EXERCISE DATA
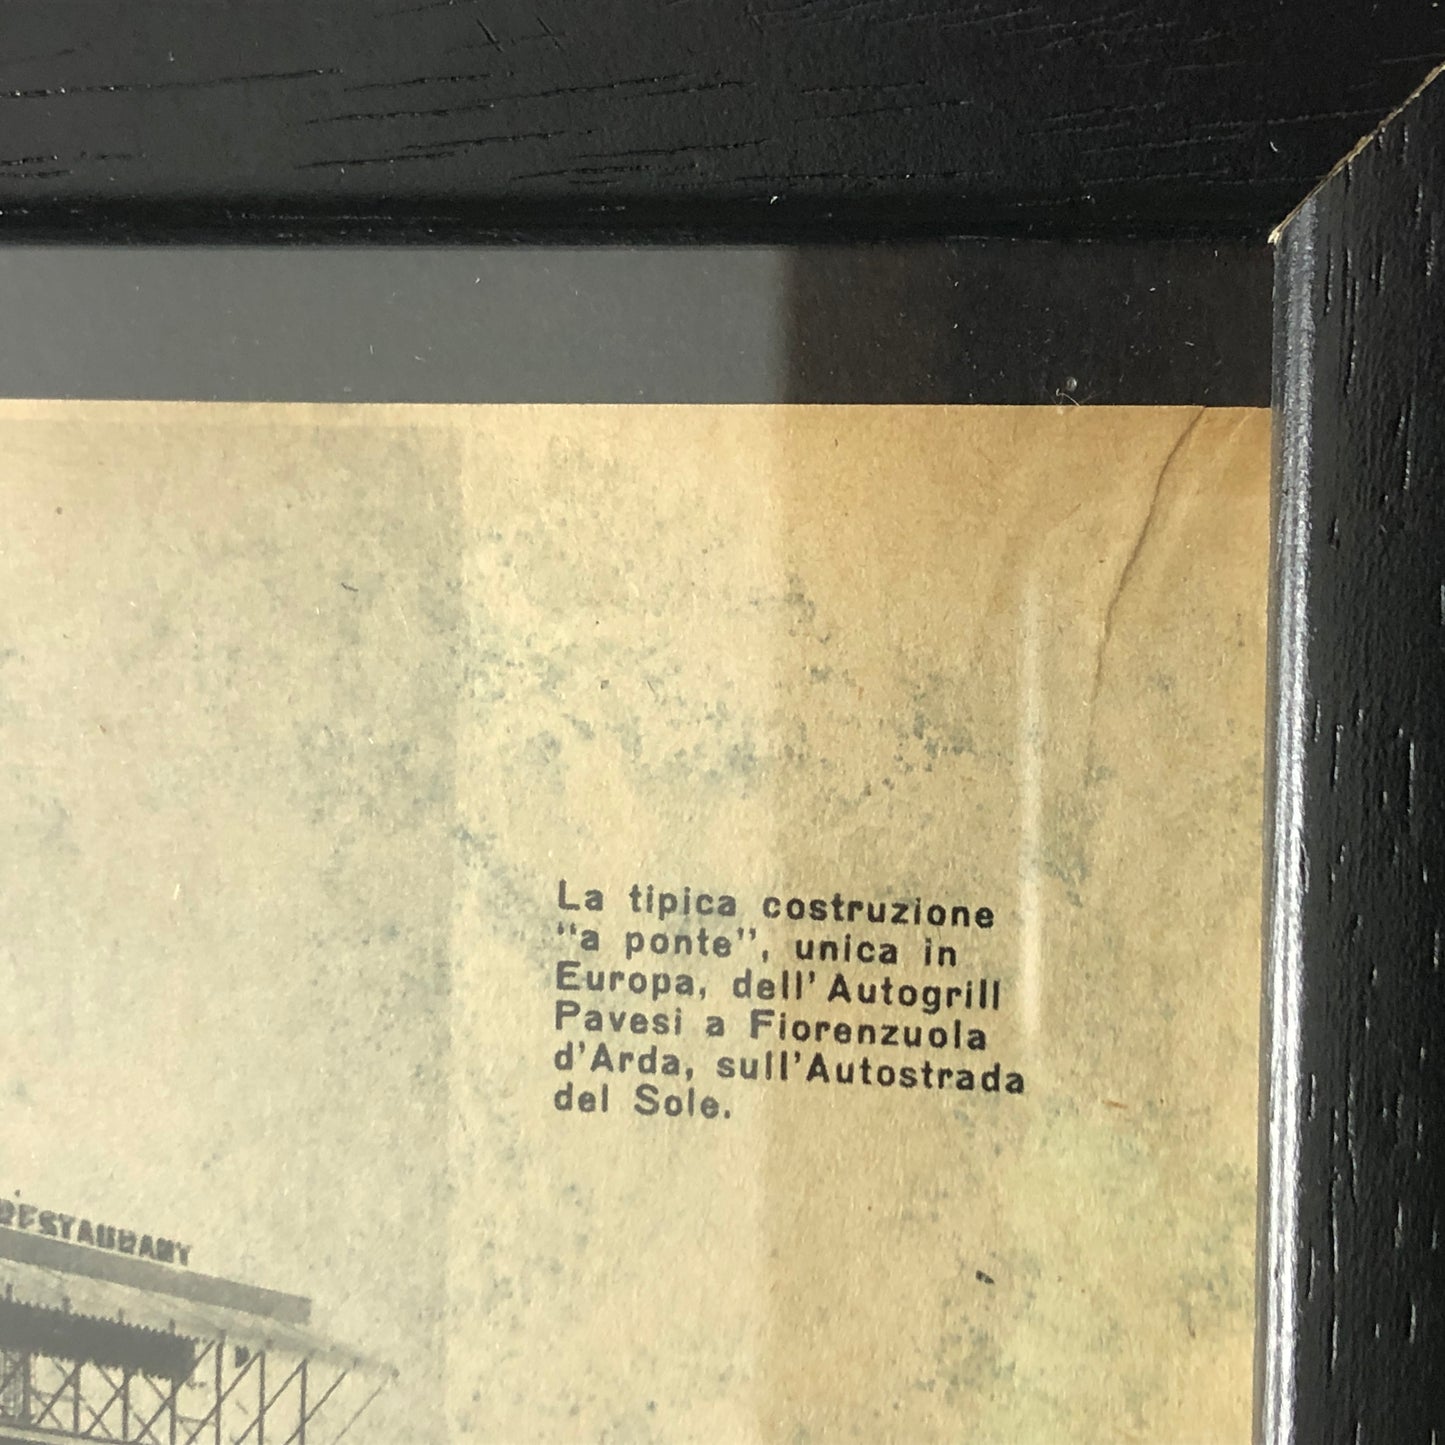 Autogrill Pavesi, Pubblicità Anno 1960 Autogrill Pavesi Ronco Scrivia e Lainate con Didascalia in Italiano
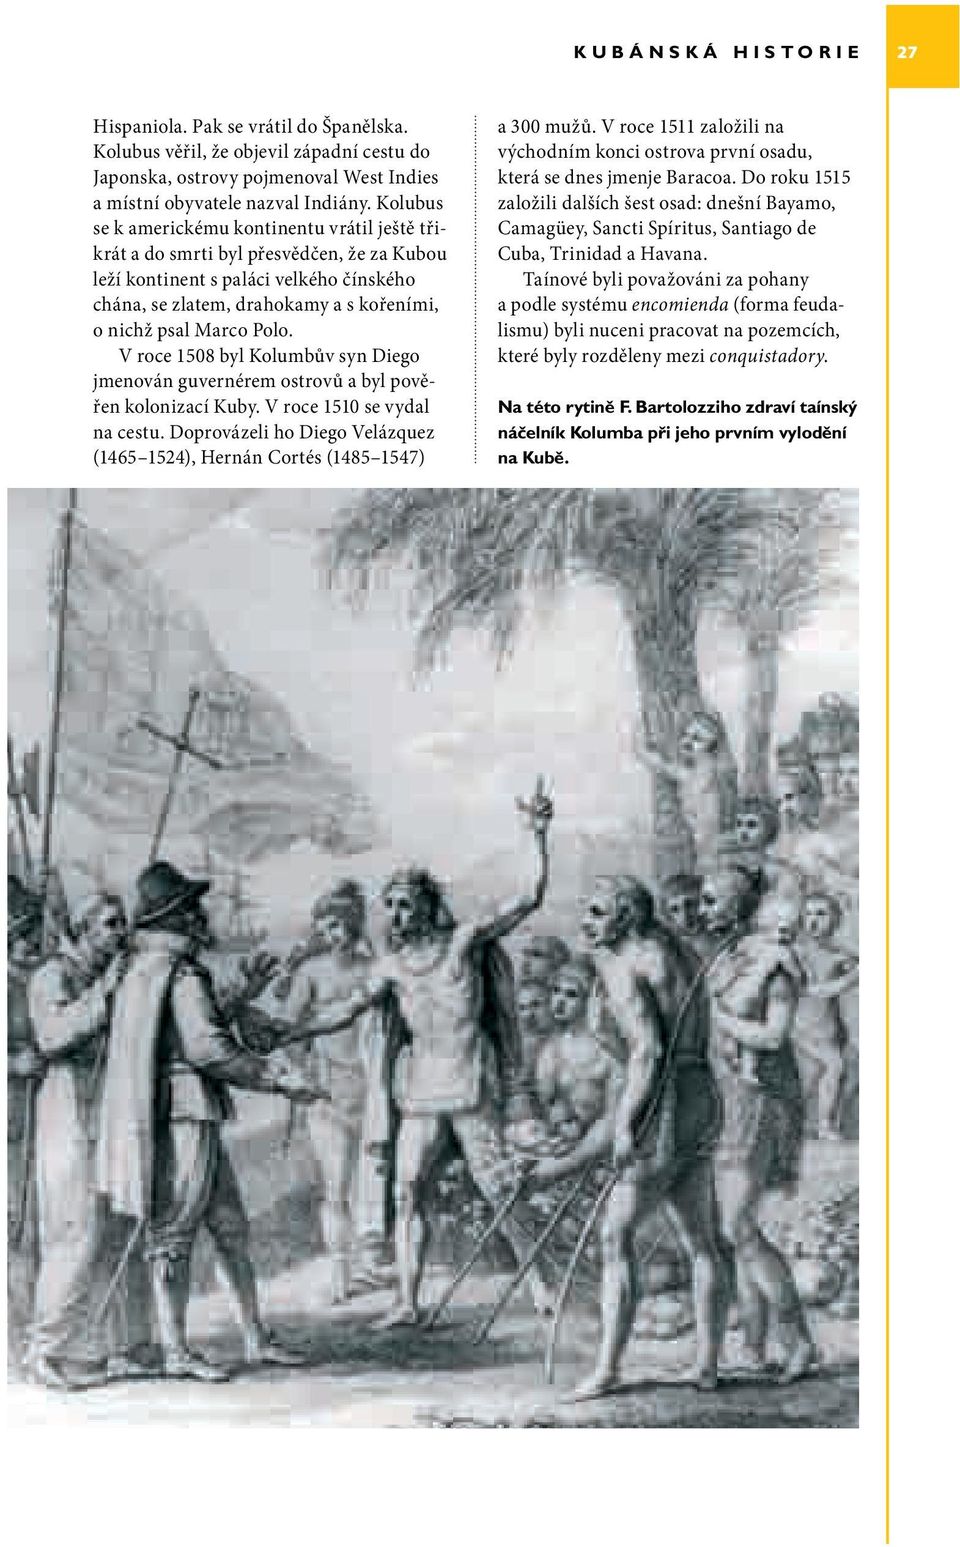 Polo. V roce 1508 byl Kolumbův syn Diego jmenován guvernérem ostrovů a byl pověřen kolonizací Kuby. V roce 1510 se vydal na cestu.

==

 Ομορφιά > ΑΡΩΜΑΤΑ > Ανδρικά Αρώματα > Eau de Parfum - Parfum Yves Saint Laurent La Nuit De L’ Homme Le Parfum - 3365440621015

PROBLEM TO WORK ON
The expected output is the lines above from the one containing "Autogrill Pavesi, Pubblicità" to the one containing "Polo. V roce", both ends included, reproduced exactly with every picture left out.

EXERCISE SOLUTION
 Autogrill Pavesi, Pubblicità Anno 1960 Autogrill Pavesi Ronco Scrivia e Lainate con Didascalia in Italiano
 Polo. V roce 1508 byl Kolumbův syn Diego jmenován guvernérem ostrovů a byl pověřen kolonizací Kuby. V roce 1510 se vydal na cestu.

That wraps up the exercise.